Categories: clawmotia

Camera to Web the eagle has landed!

2010-09-22 15:16 UTC  by  monkeyiq
Pop quiz, hot shot; an n900 sits before you and something wonderful is happening in the distance. You've love to take advantage of the rear camera and share images of the wonderful event on any flickr API website or some sort of facial book site. What do you do? The camera has all sorts of custom APIs to access it, and the web sites all need some authentication and use REST.

Well, for those who know me, or of me, the answer is quite simple... just "cp" the data from your camera to the Web. And I've now got this working on the n900. I tried the front camera too, but unfortunately it comes out quite underexposed on in house shots.

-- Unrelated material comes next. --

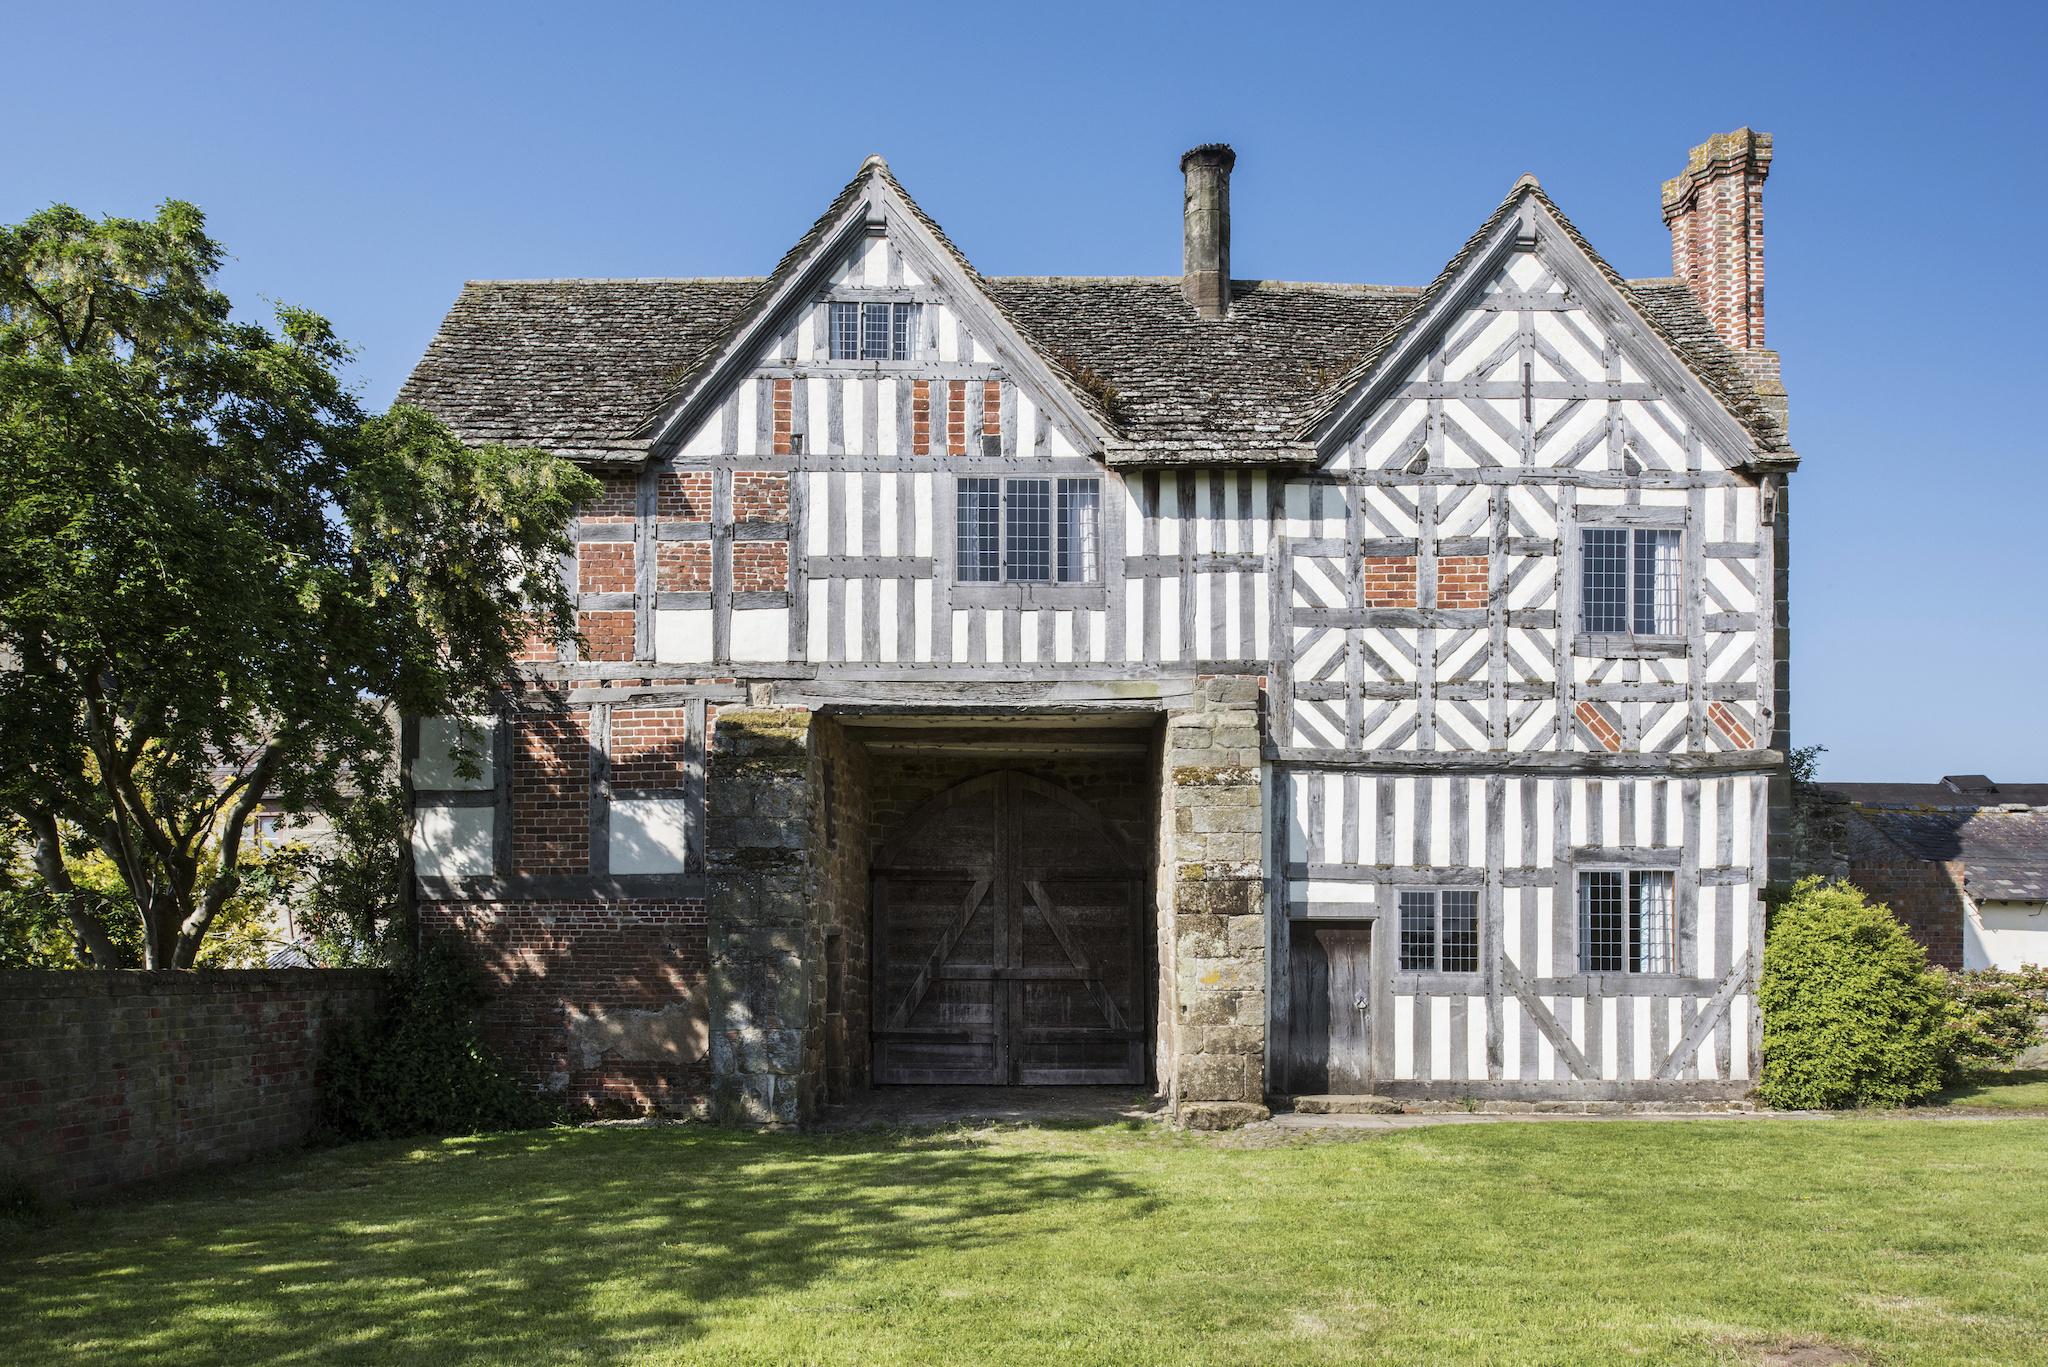 Langley Gatehouse, Shropshire
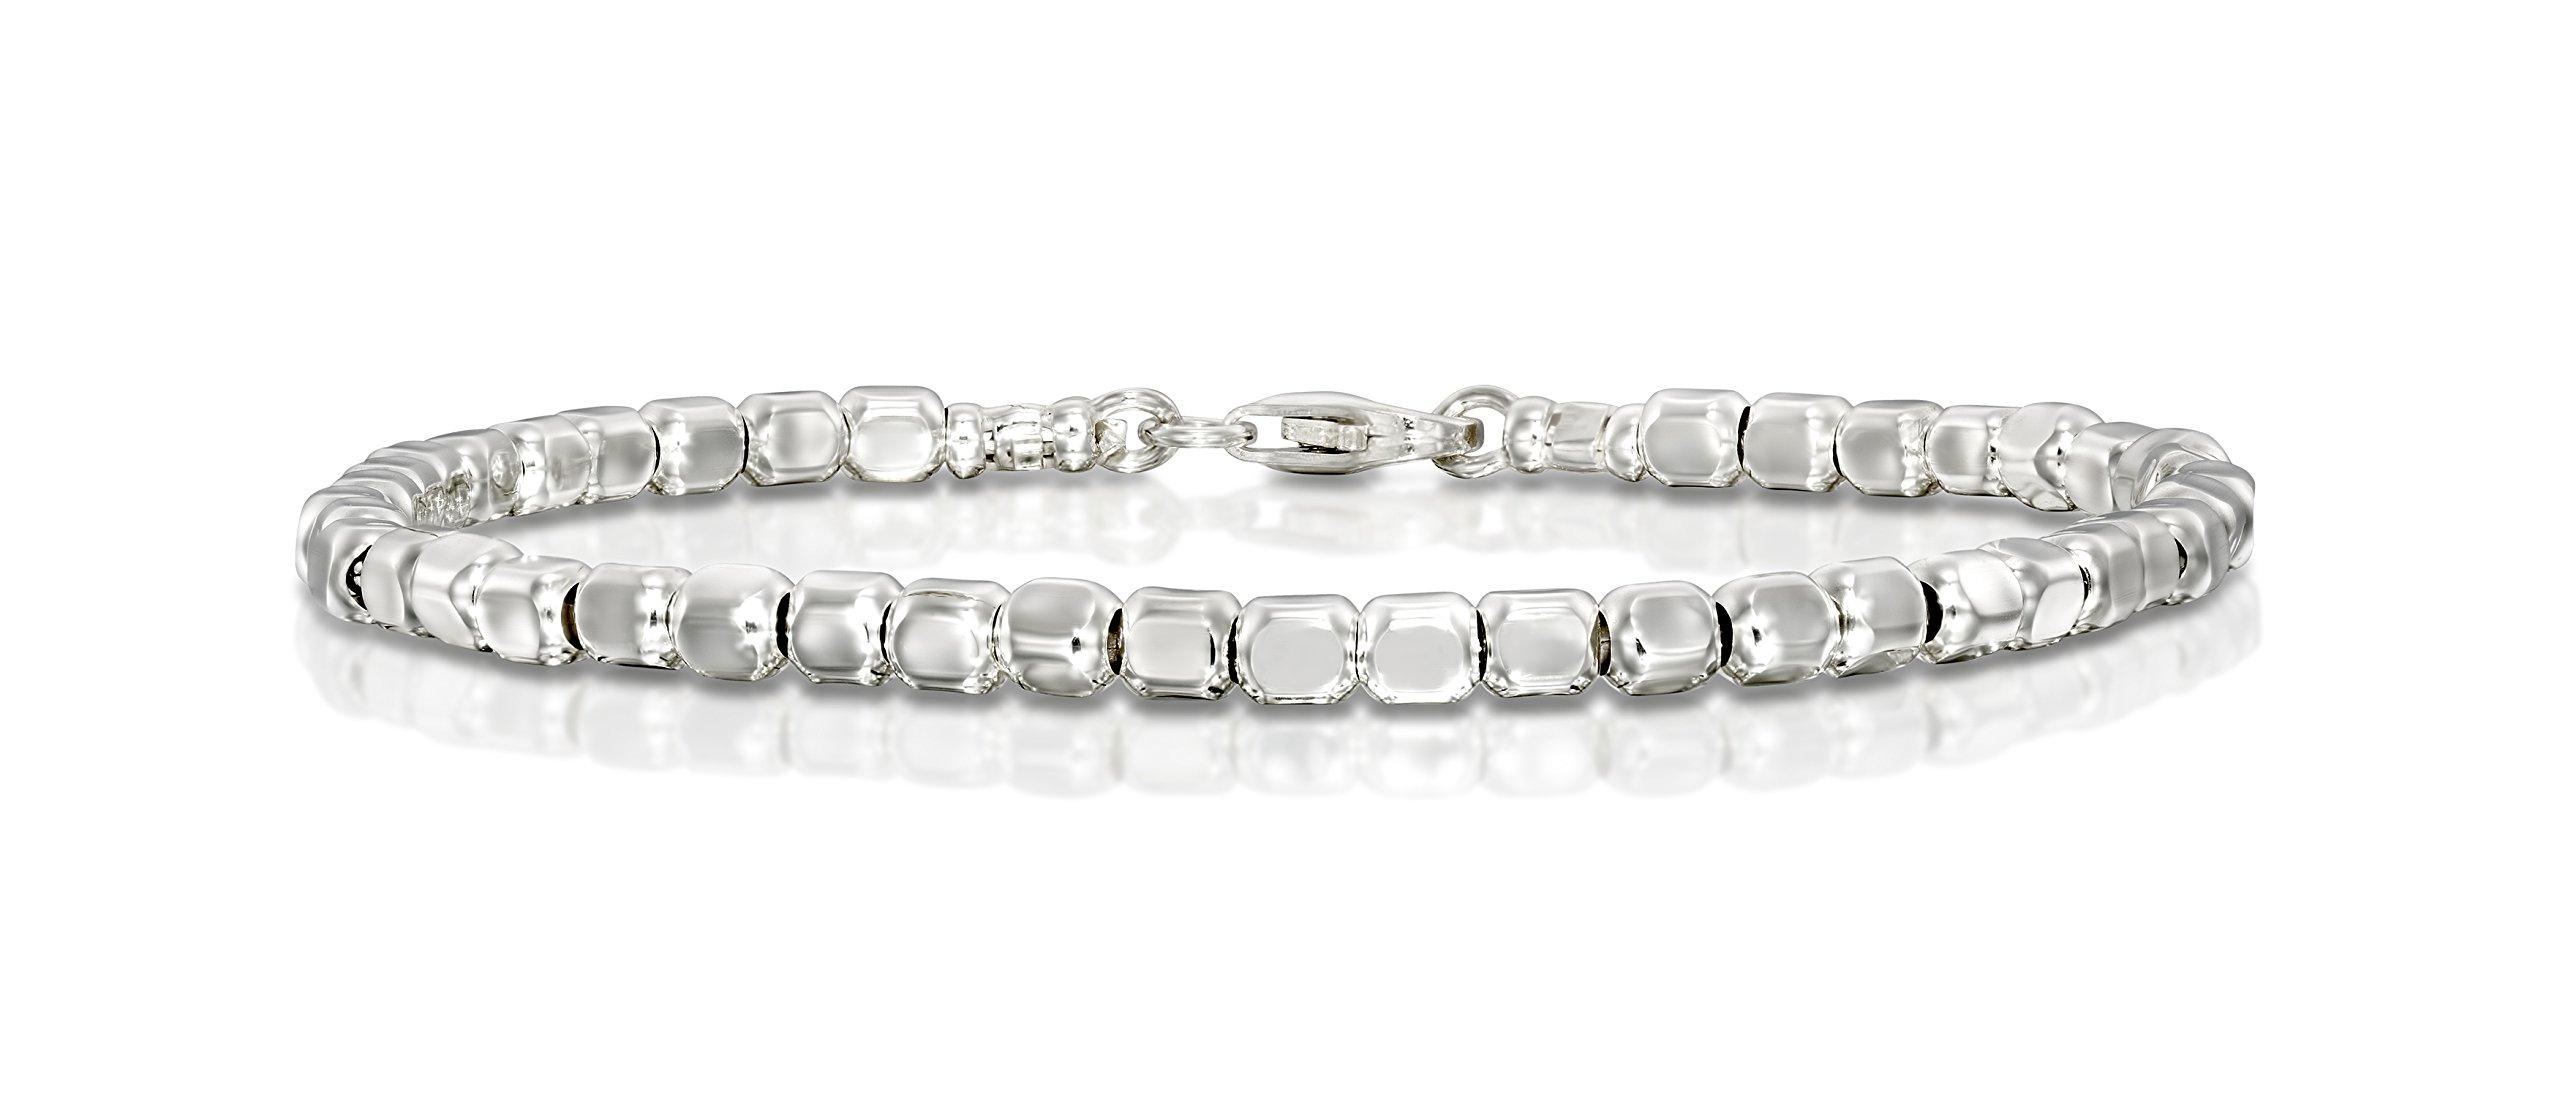 Women's Square Beads Bracelet Dazzling 925 Sterling Silver Beaded Bracelet, 7''

To read the camera, libferris uses gstreamer. Because there are a whole bunch of ways you might like to read information, frame rates, transcodings etc, you use a file in your ~/.ferris directory to tell libferris how to create virtual files for your input hardware like so:

cat ~/.ferris/gstreamer.xml
<file name="live.jpg">
v4l2src num-buffers=1
! videorate ! video/x-raw-yuv,framerate=\(fraction\)3/1
! ffmpegcolorspace ! jpegenc
! appsink name=sink

Those with a keen eye will notice that the live.jpg is generated with the same thing you can use in gst-launch to create a jpeg image. The final element is an appsink which is where libferris gets the bytes from. I made that last element explicit because you can tee the data in gstreamer and do other things to have multiple end points.

Then to take a photo and put it up on the net:

$ fcat gstreamer://capture/live.jpg >| /Card/tmp/out.jpg
$ ferriscp gstreamer://capture/live.jpg 23hq://monkeyiq/upload

Of course, the fcat line above hints that you can use ssh to grab an image from the n900 to your laptop or server and upload it from there. See the ferris-capplet-auth for how to authenticate with the web sites and also how to have libferris scale before upload (optional) and what privacy settings to add during upload.

Next up is using the vimeo and youtube mounting in libferris to stream video to the net.